When students are taught how antisemitism functioned, not just that it did, they become better equipped to recognise it when it appears in new language and new forms. When they understand the mechanisms of exclusion, scapegoating, and dehumanisation, they are less likely to dismiss contemporary warning signs simply because they do not resemble the past closely enough.


Depth produces discernment. Reduction produces complacency.


Asking the Question We Avoid


Every serious educational effort should be anchored in a simple but uncomfortable question:


What change are we actually trying to produce?


I wrote previously about the importance of moving from instinct to intention in Jewish advocacy. That same discipline applies here. If the goal of Holocaust education is merely to honour memory, we should say so honestly. If the goal is to foster empathy, name that. But if we claim it is meant to combat antisemitism, then we must be willing to examine whether our methods are fit for that purpose.

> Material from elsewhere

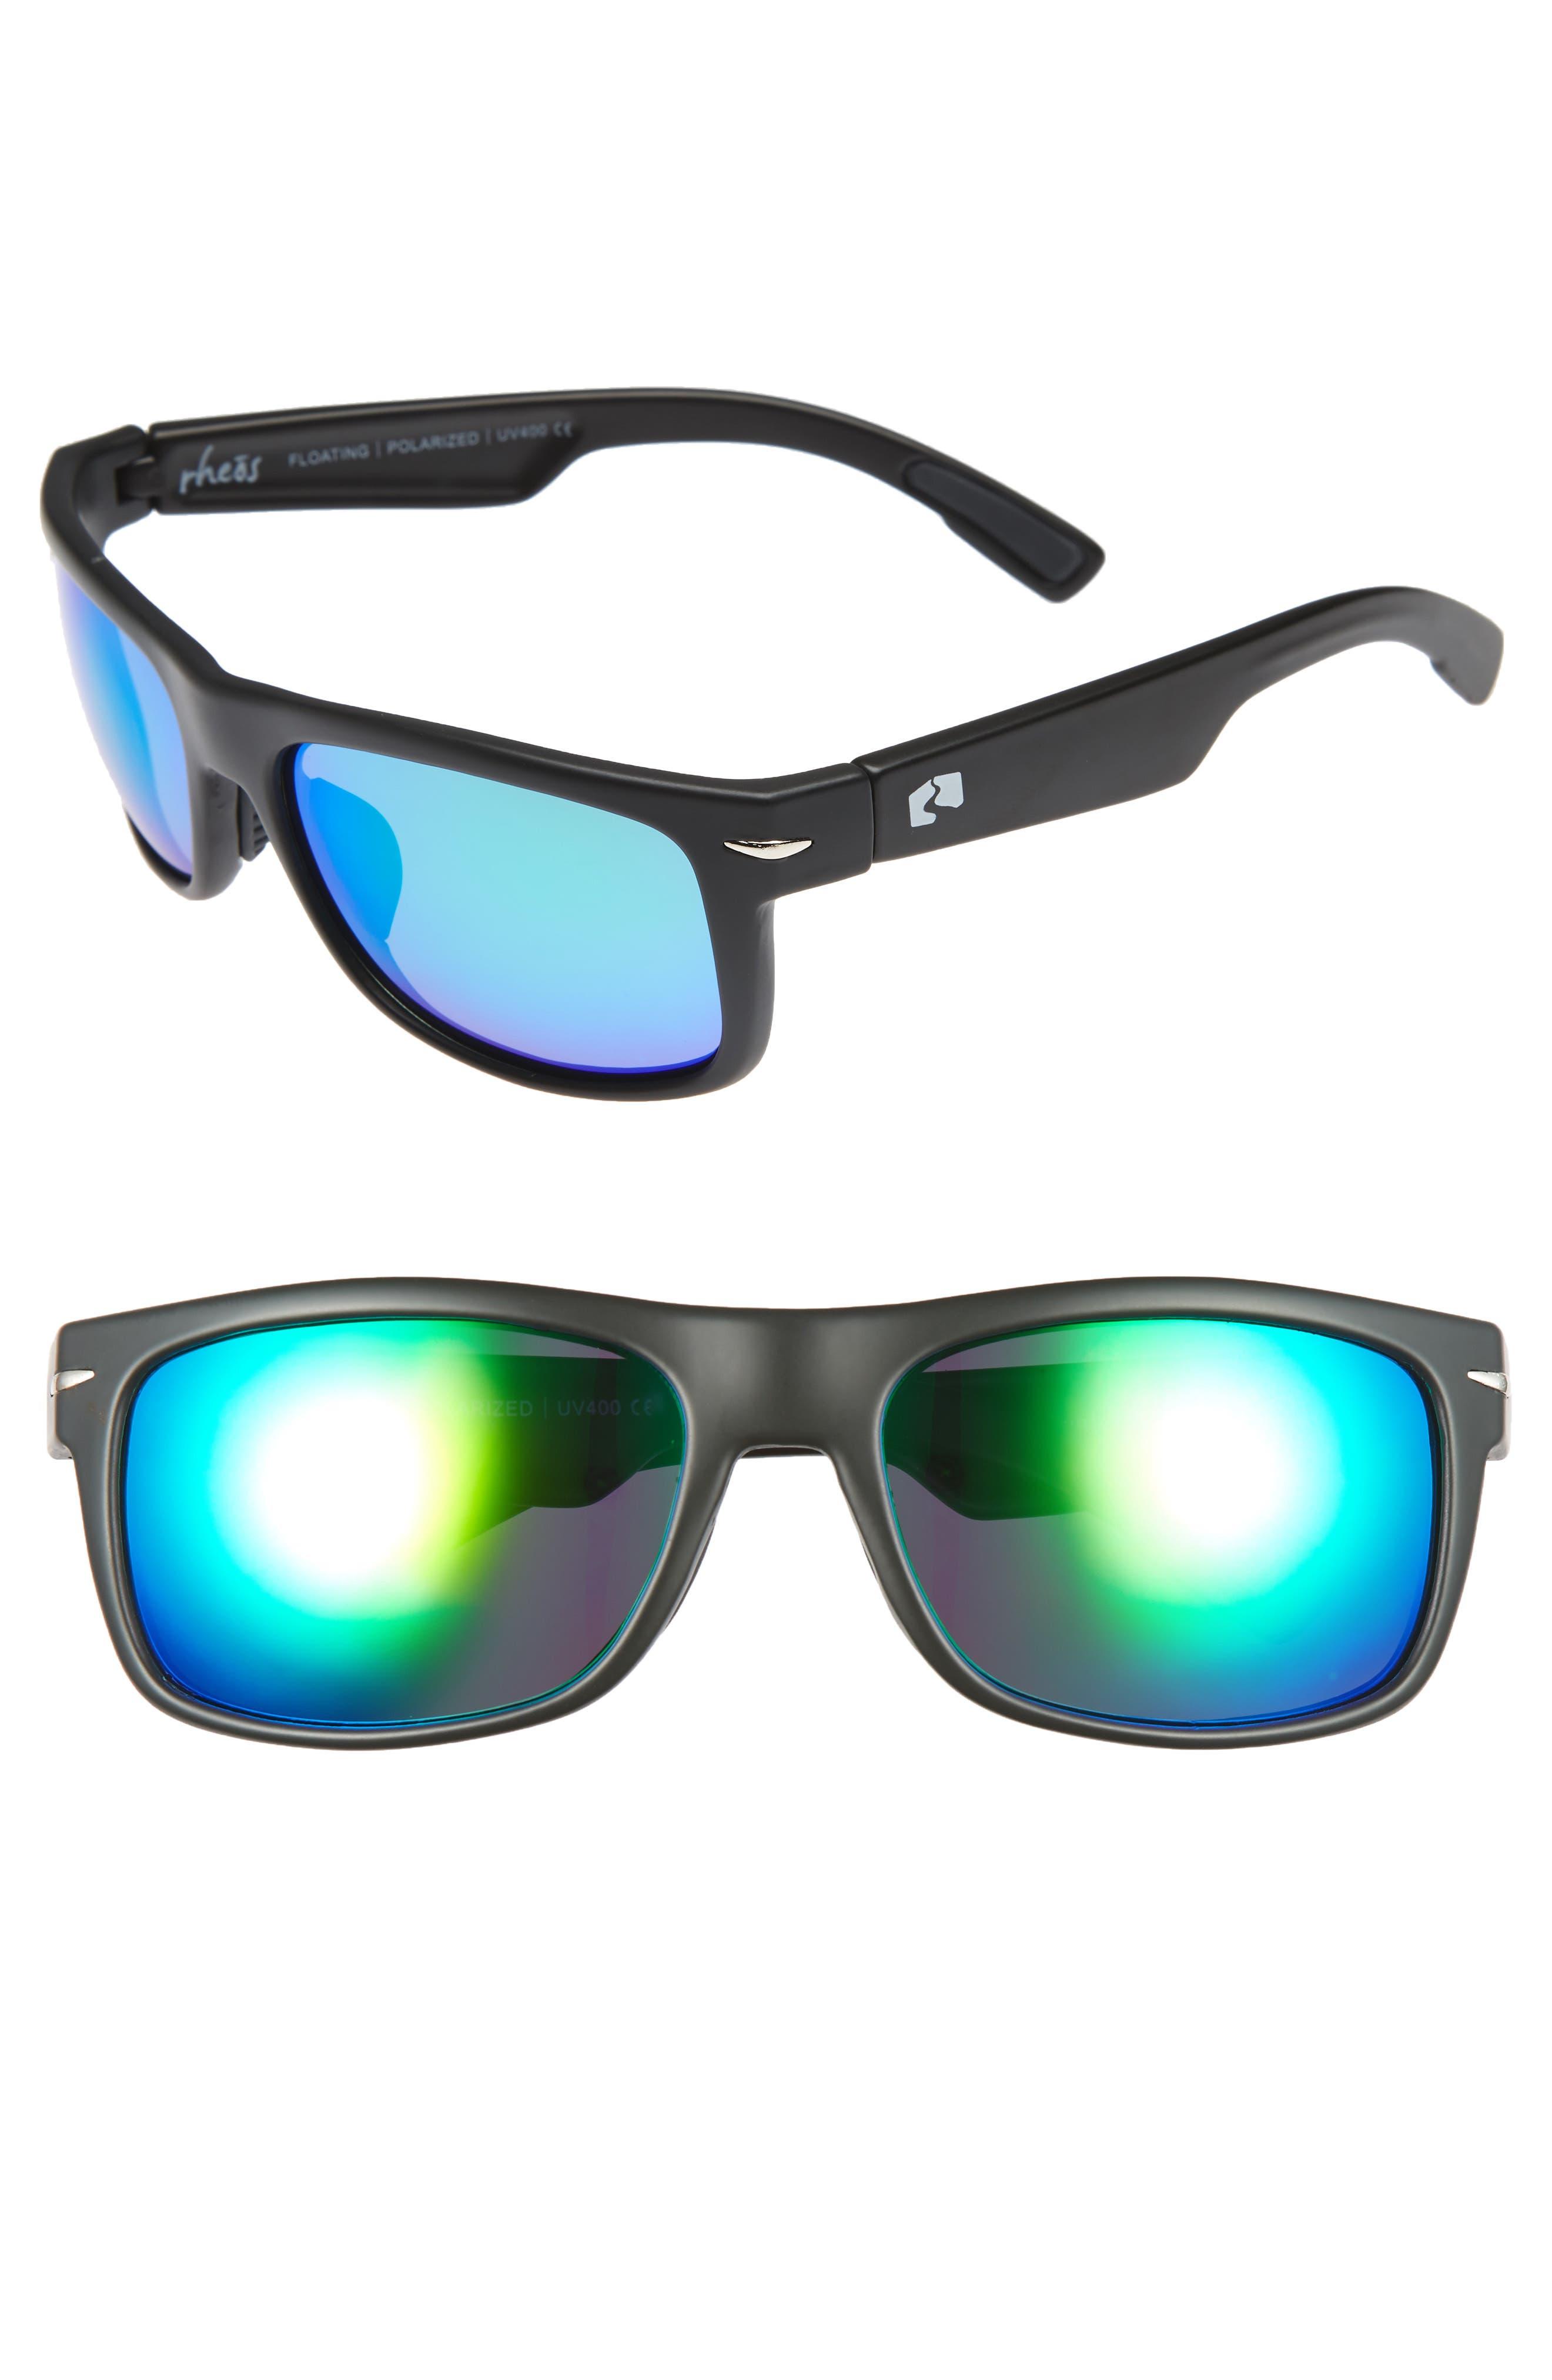 Main Image - Rheos Anhingas Floating 59mm Polarized Sunglasses

If Holocaust education is meant to shape campus culture, then we need to be clear about how it does so. What attitudes shift? What capacities are built? What conversations become possible afterward that were not possible before?


Without that clarity, remembrance risks becoming ritualised rather than transformative.


What Serious Holocaust Education Actually Does


When done well, Holocaust education does not aim to shock. It aims to train attention.


It helps students learn to:

  • sit with moral ambiguity without rushing to judgment

  • recognise early warning signs of social breakdown

  • understand Jewish peoplehood as a living historical continuum

  • see minority vulnerability as structural, not accidental

  • resist simplistic analogies while remaining ethically alert


This kind of learning is slower. It requires facilitated discussion, not just lectures. It benefits from sequencing, not one-off programming. And it works best when it is embedded within a broader educational ecosystem rather than isolated as a standalone event.


In other words, it behaves more like formation than commemoration.


Practical Shifts That Change Everything


For students and professionals looking to elevate Holocaust education beyond symbolism, here are a few concrete shifts that make an immediate difference.


Design for after, not just during.

Ask what conversations, relationships, or learning processes should exist because this program happened. If nothing follows, the impact likely ends when the room empties.


Replace certainty with inquiry.

Build programs around questions rather than conclusions. Students learn more when they are invited to think than when they are told what to feel.


Integrate Jewish particularity without apology.

Universal lessons matter, but they should emerge from a clear understanding of Jewish history, not replace it.


Sequence experiences.

A lecture can open a door. A discussion can deepen it. A retreat, course, or immersive experience can solidify it. No single format carries the whole load.


Prepare facilitators, not just speakers.

The quality of the conversation often matters more than the brilliance of the content. Invest accordingly.


None of this requires abandoning remembrance. It requires taking it seriously enough to expect more from it.


From Memory to Responsibility


Holocaust education fails when it becomes a box to check or a moral credential to display. It succeeds when it forms people who are harder to manipulate, quicker to notice danger, and more capable of acting with clarity when it matters.


Memory alone does not produce responsibility. An approach that aims for moral formation does.


If we want campuses that do more than mourn Jewish suffering in the abstract, we need to teach in ways that help students understand how fragile pluralism really is in open societies, how quickly norms erode, and how much agency individuals and institutions actually possess.


Remembrance is not the end of the work.

It is the beginning of it.


And if we treat it that way, we might finally stop asking Holocaust education to do everything in one hour, and start allowing it to do something real over time.